Weight Caching and Cleanup

Inference requires unpacking the nnUNet archives into custom_models/<model>/nnUNet_results (and accompanying nnUNet_raw and nnUNet_preprocessed folders). By default these caches are retained so later courses reuse the weights without re-extracting ~500 MB archives. Set custom_models.retain_weights: false in config.yaml (or launch the CLI with --purge-custom-model-weights) to delete these directories after each successful run. The original model*.zip files remain in place so the next invocation can restore the caches if needed; course outputs under Segmentation_CustomModels/<model>/ are unaffected by this cleanup option.

Body Region QC

The pipeline performs automatic body region detection after TotalSegmentator's "total" task completes. This QC step uses anatomical anchor structures (vertebrae, organs) to determine which body regions are present in the CT scan:

  • HEAD_NECK: Cervical spine (C1–C7), brain, skull
  • THORAX: Thoracic spine (T1–T12), lungs, heart
  • ABDOMEN: Lumbar spine (L1–L5), liver, spleen, kidneys
  • PELVIS: Sacrum, hip bones, femurs

Results are saved to <course>/qc_reports/body_regions.json with: - Boolean flags: CONTAINS_HEAD_NECK, CONTAINS_THORAX, CONTAINS_ABDOMEN, CONTAINS_PELVIS - Confidence scores (0.0–1.0) per region based on vertebrae count and organ volumes - Model eligibility status for each configured model - Contrast phase detection (native, arterial_early, arterial_late, portal_venous) - Image modality detection (CT or MR)

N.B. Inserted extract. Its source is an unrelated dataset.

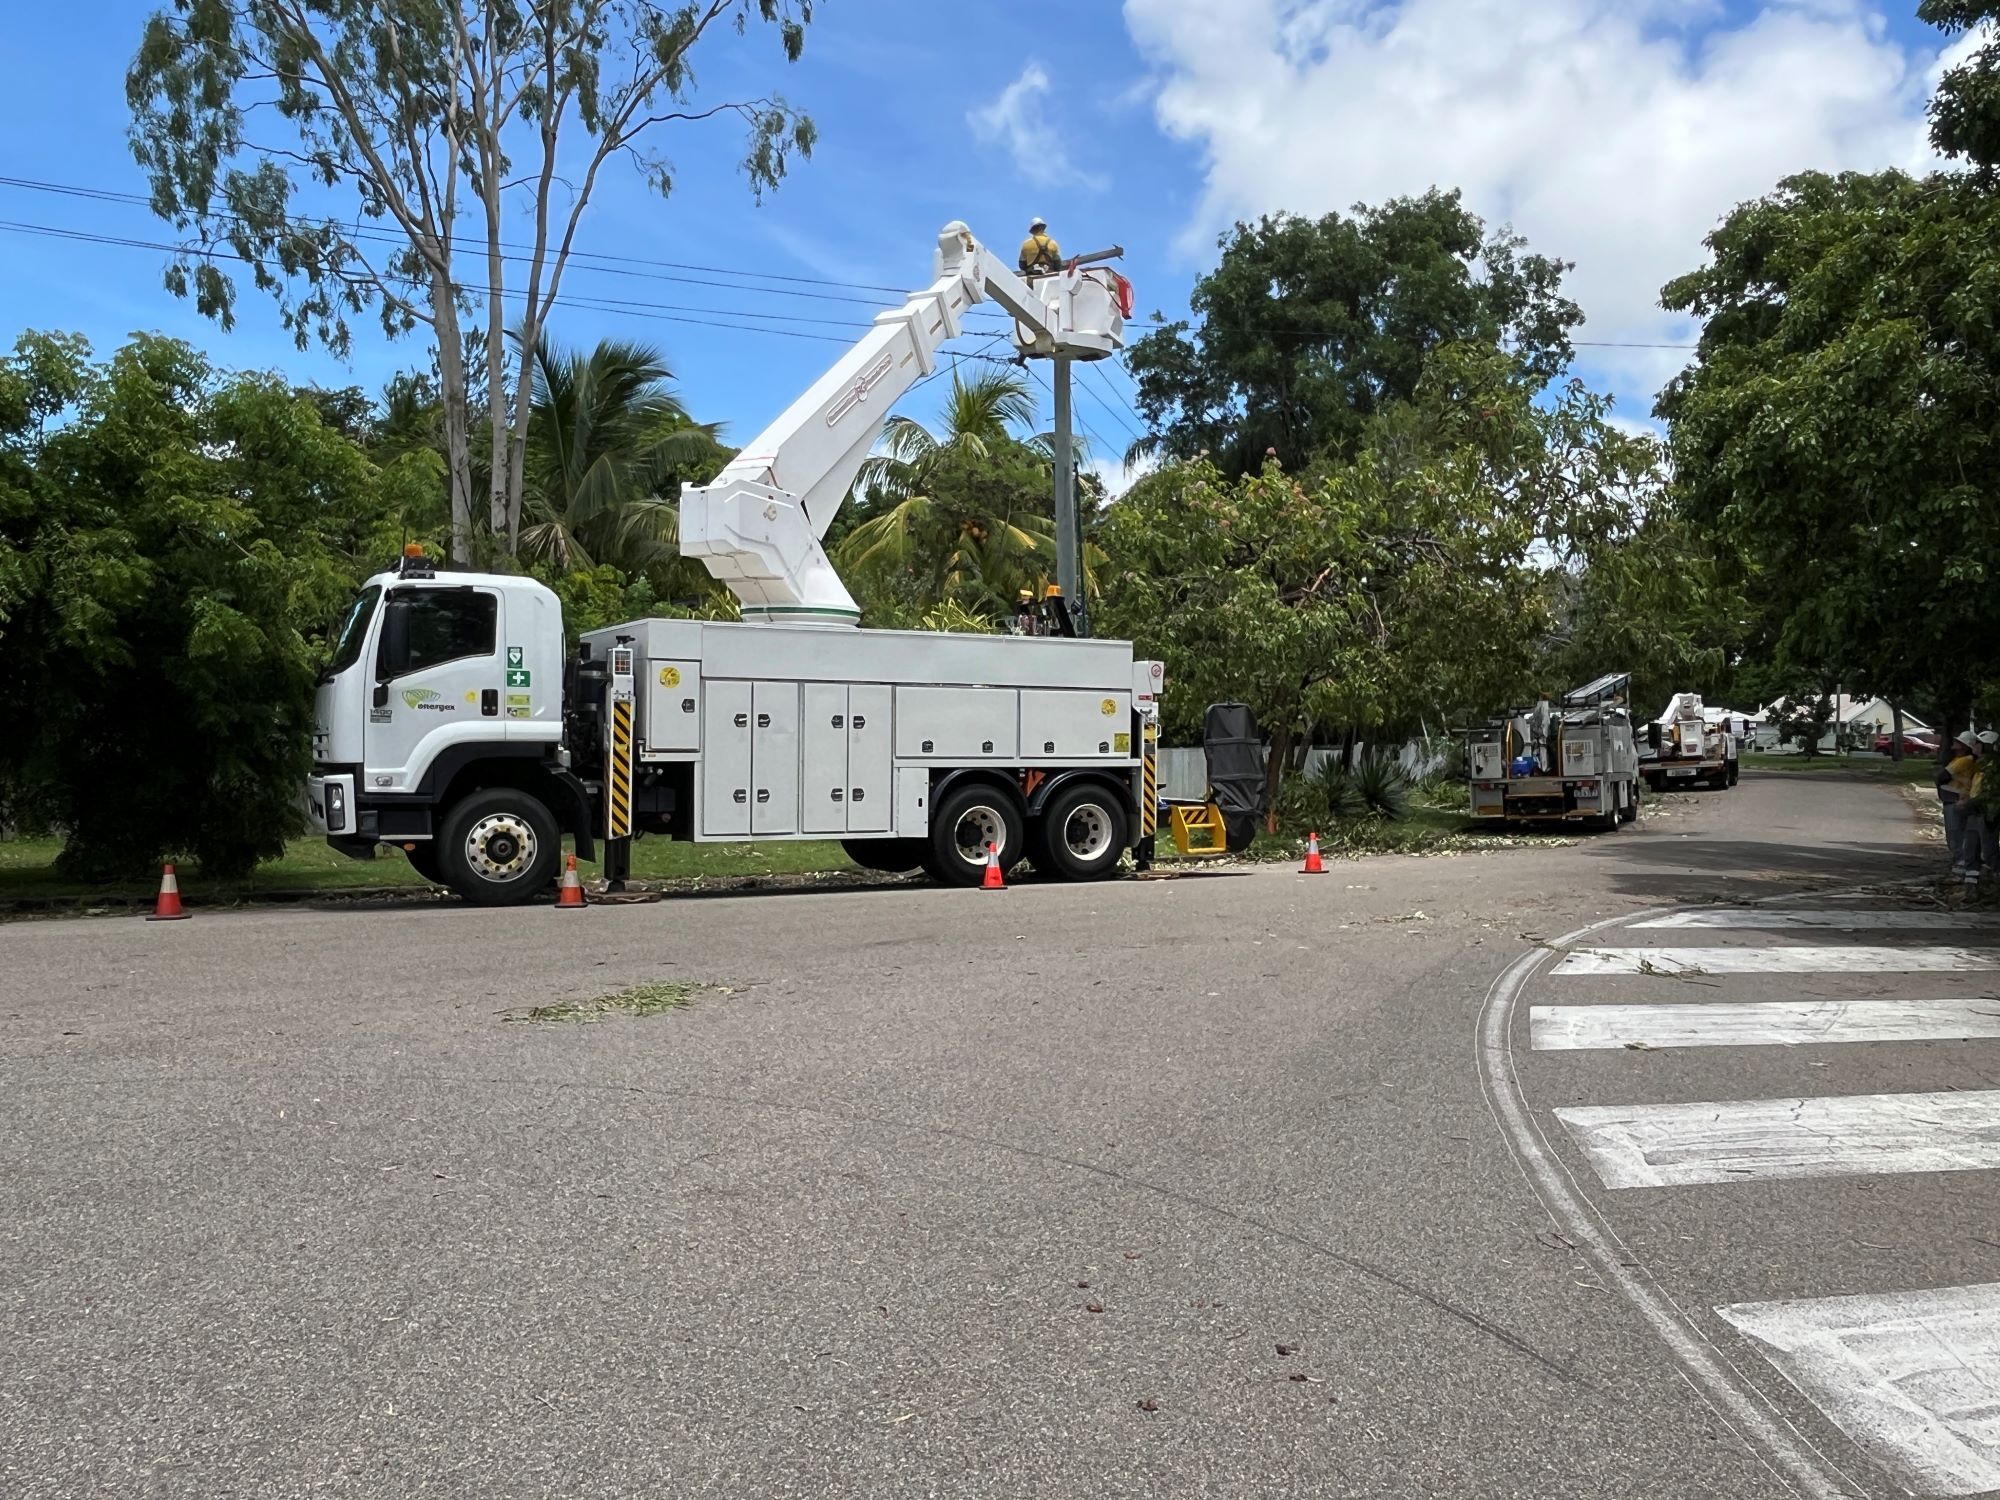 Crews working on pole cherry picker in a street after Cyclone Kirrily

Phase and Modality Detection

The pipeline uses TotalSegmentator's auxiliary tools to detect:

  1. Contrast Phase (totalseg_get_phase): Classifies CT images by contrast phase:
  2. native: Non-contrast CT
  3. arterial_early: Early arterial phase
  4. arterial_late: Late arterial phase
  5. portal_venous: Portal venous phase

  6. Image Modality (totalseg_get_modality): Detects whether the image is CT or MR

These values are included in: - The body_regions.json QC report - Aggregated DVH results (contrast_phase, image_modality, body_regions columns) - Aggregated radiomics results (same columns) - Aggregated QC reports (with detailed body region confidence scores)

Requirements: These features require xgboost to be installed (included in the rtpipeline.yaml conda environment).

Model Gating

When required_body_regions is specified in a custom model's YAML, the pipeline checks eligibility before running inference. If the required region is missing:

  • Default behavior (body_region_qc_block_missing: true): The model is skipped with a warning logged. The sentinel file records which models were skipped.
  • Warning-only (body_region_qc_block_missing: false): A warning is logged but inference proceeds anyway.

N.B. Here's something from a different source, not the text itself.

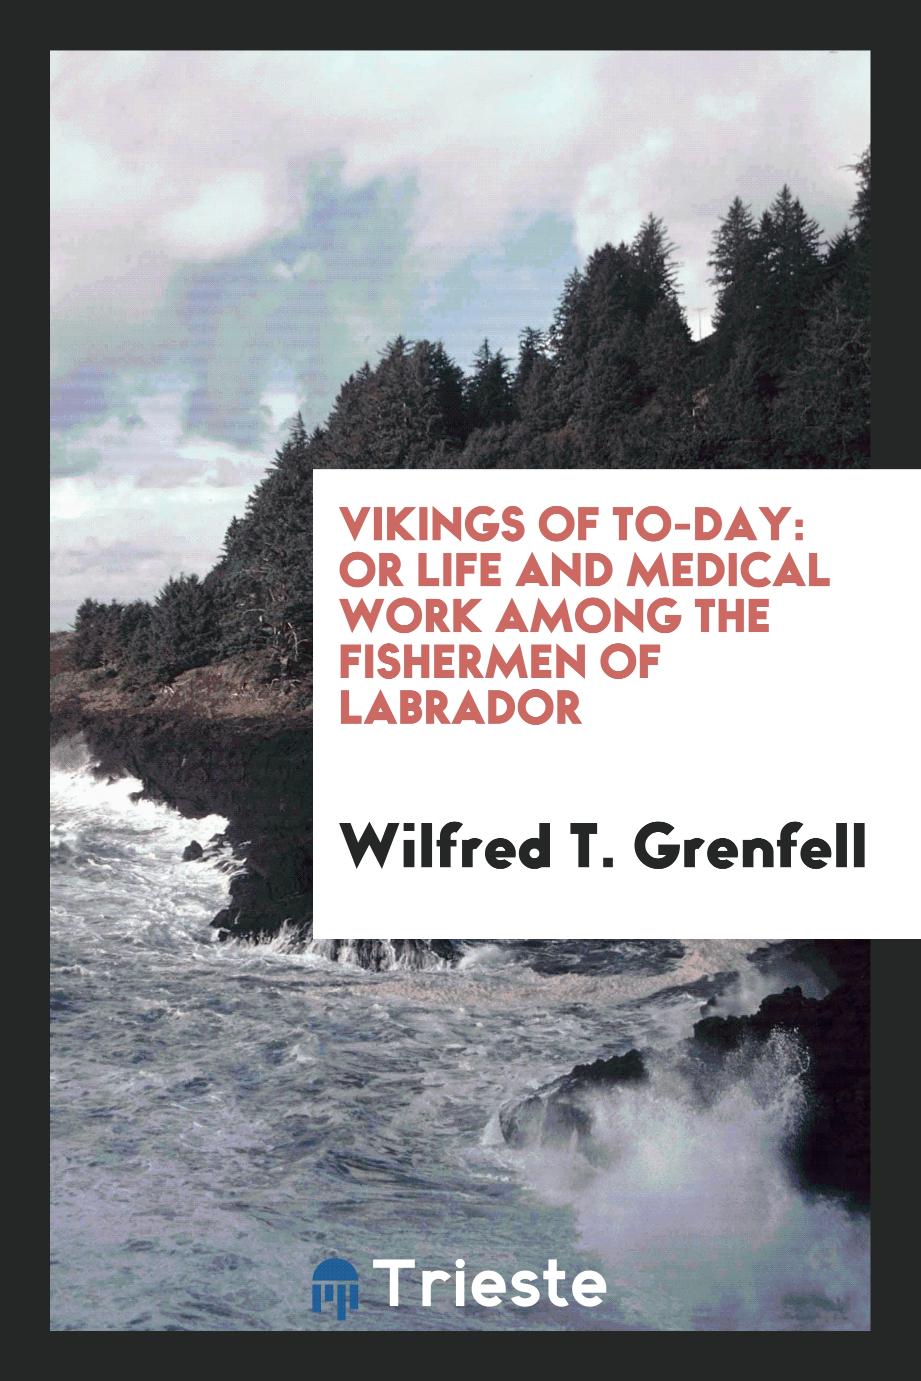 Vikings of to-day: or Life and medical work among the fishermen of Labrador

This prevents running cardiac segmentation models on head CTs, head/neck models on pelvis CTs, etc., avoiding wasted GPU time and invalid outputs.

Configuration

Model region requirements can also be set globally in config.yaml:

model_region_requirements:
  cardiac_STOPSTORM:
    required_regions: [THORAX]
    min_confidence: 0.6
  heartchambers_highres:
    required_regions: [THORAX]
    min_confidence: 0.5
  head_neck_oar:
    required_regions: [HEAD_NECK]
    min_confidence: 0.5

body_region_qc_block_missing: true  # true = block, false = warn only

Requirements in custom_model.yaml take precedence over config.yaml for that model. Models without any requirements (either in YAML or config) run on all CT scans.